Road - class 3 togher, Derrynagran, Co. Longford
Co. Longford |
Roads & Tracks
In a bog in County Longford, beneath layers of peat, lies the remains of a road built not from stone or gravel but from carefully arranged wood.
This is a togher, an ancient Irish term for a trackway laid across wet or boggy ground, and the one recorded at Derrynagran is a particularly considered piece of construction. At 1.7 metres wide and surviving to a depth of 0.45 metres, it is modest in scale but intricate in its making.
The trackway runs on a northwest to southeast orientation and is built up from five superimposed layers, alternating between longitudinal and transverse roundwood, with thinner brushwood packed in between.

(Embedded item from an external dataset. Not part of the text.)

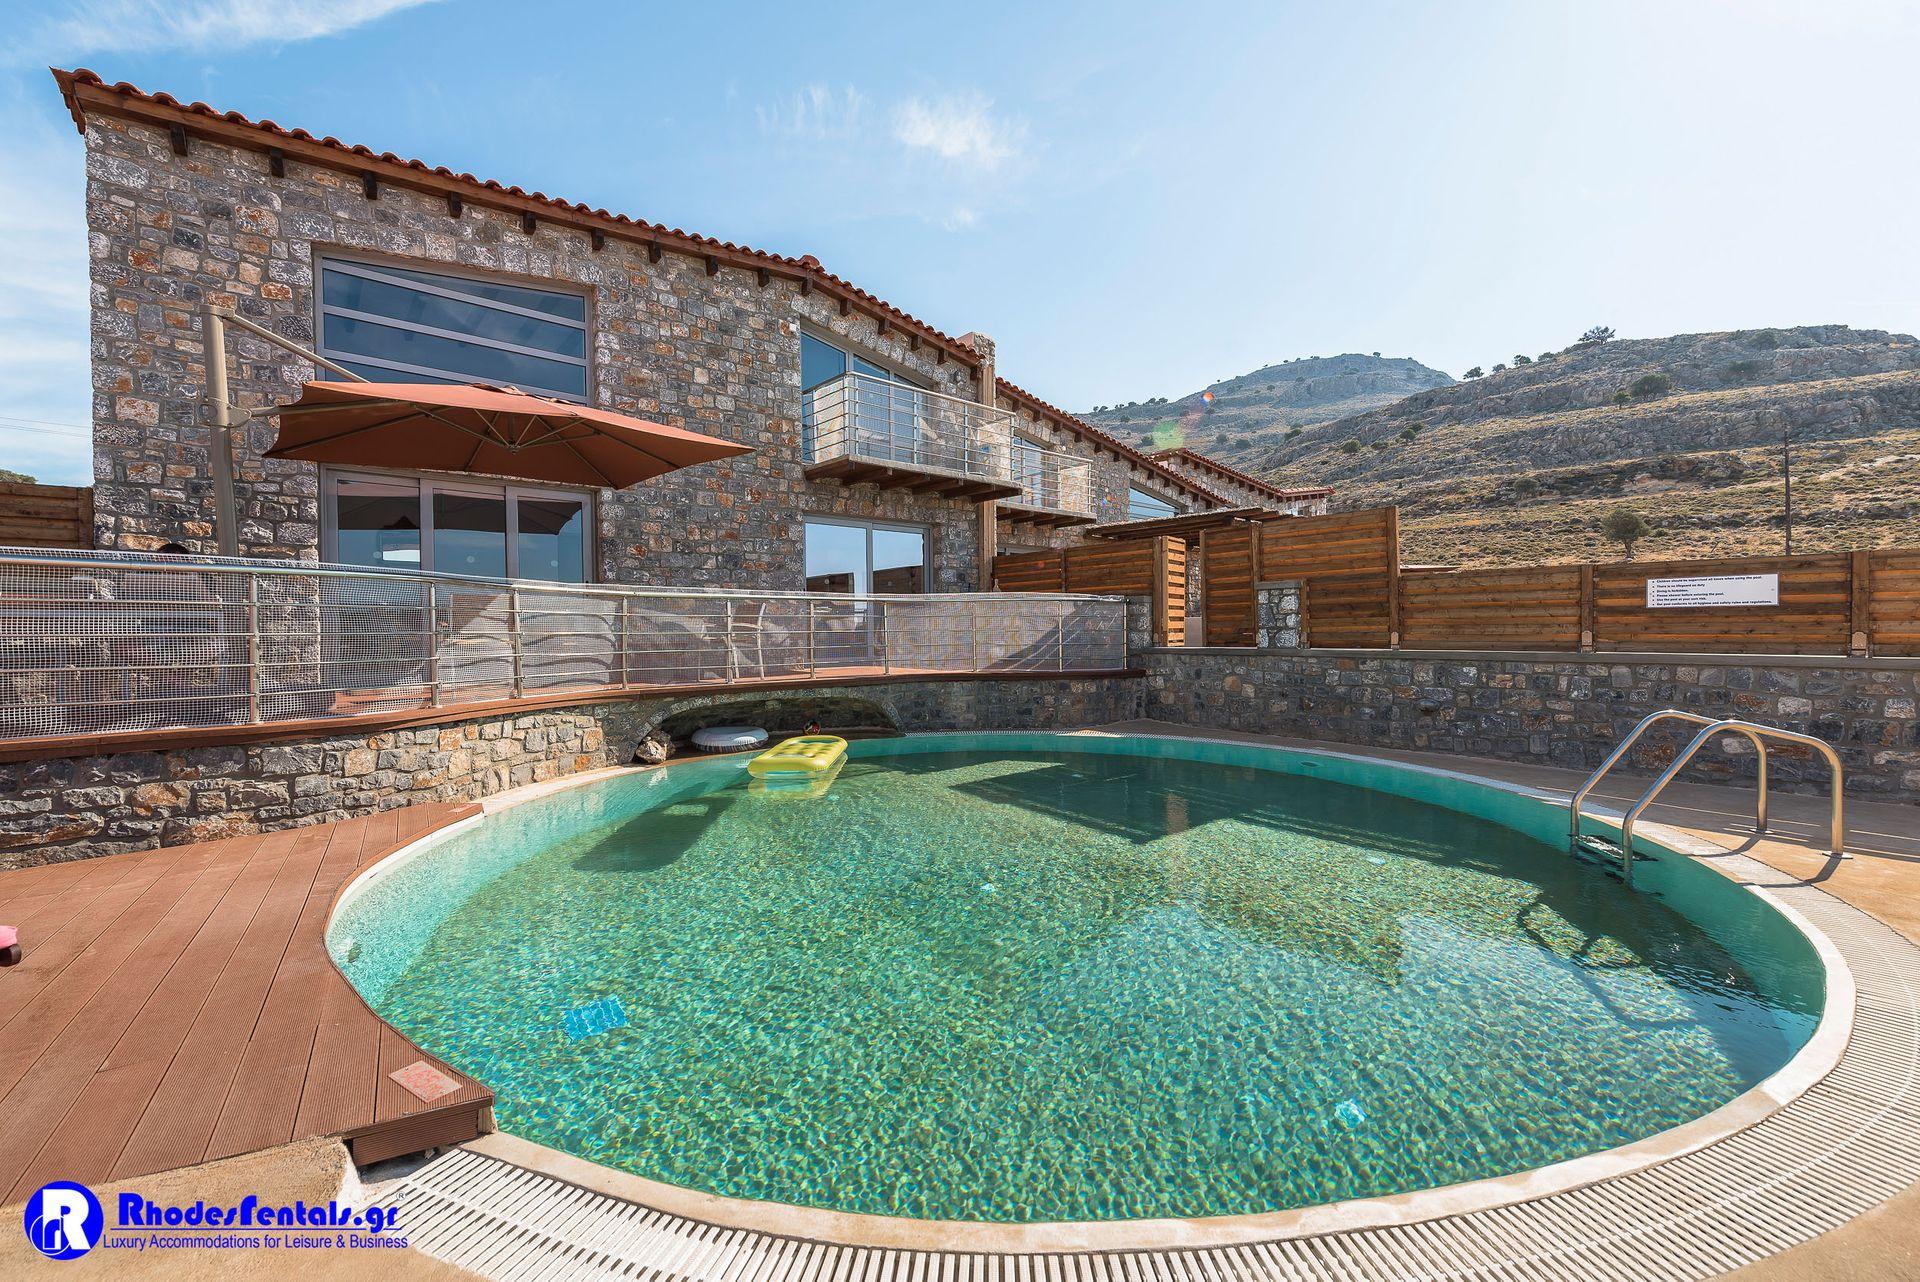 Lindos Seastone Villas Rhodes - Πεύκοι, Ρόδος ✦ 2 Ημέρες (1 Διανυκτέρευση) ✦ 2 άτομα ✦ Χωρίς Πρωινό ✦ 01/09/2020 έως 30/09/2020 ✦ Free WiFi

The roundwood timbers average about ten centimetres in diameter, the brushwood around five. This kind of layering was a practical solution to a real engineering problem: soft, waterlogged ground that would swallow an ordinary path. By stacking timber in opposing directions, builders distributed weight and resisted the shifting of the surface underfoot. The species identified in the Derrynagran togher include ash, oak, and birch, all trees that would have been readily available in early Irish woodland. One birch rod was dressed along its entire length, meaning it was deliberately shaped or smoothed, a small but telling detail that suggests deliberate craft rather than rough improvisation. Toghers of this kind are found across the Irish midlands, where extensive boglands made overland movement difficult for much of the year, and they range in date across several thousand years of Irish prehistory and early history.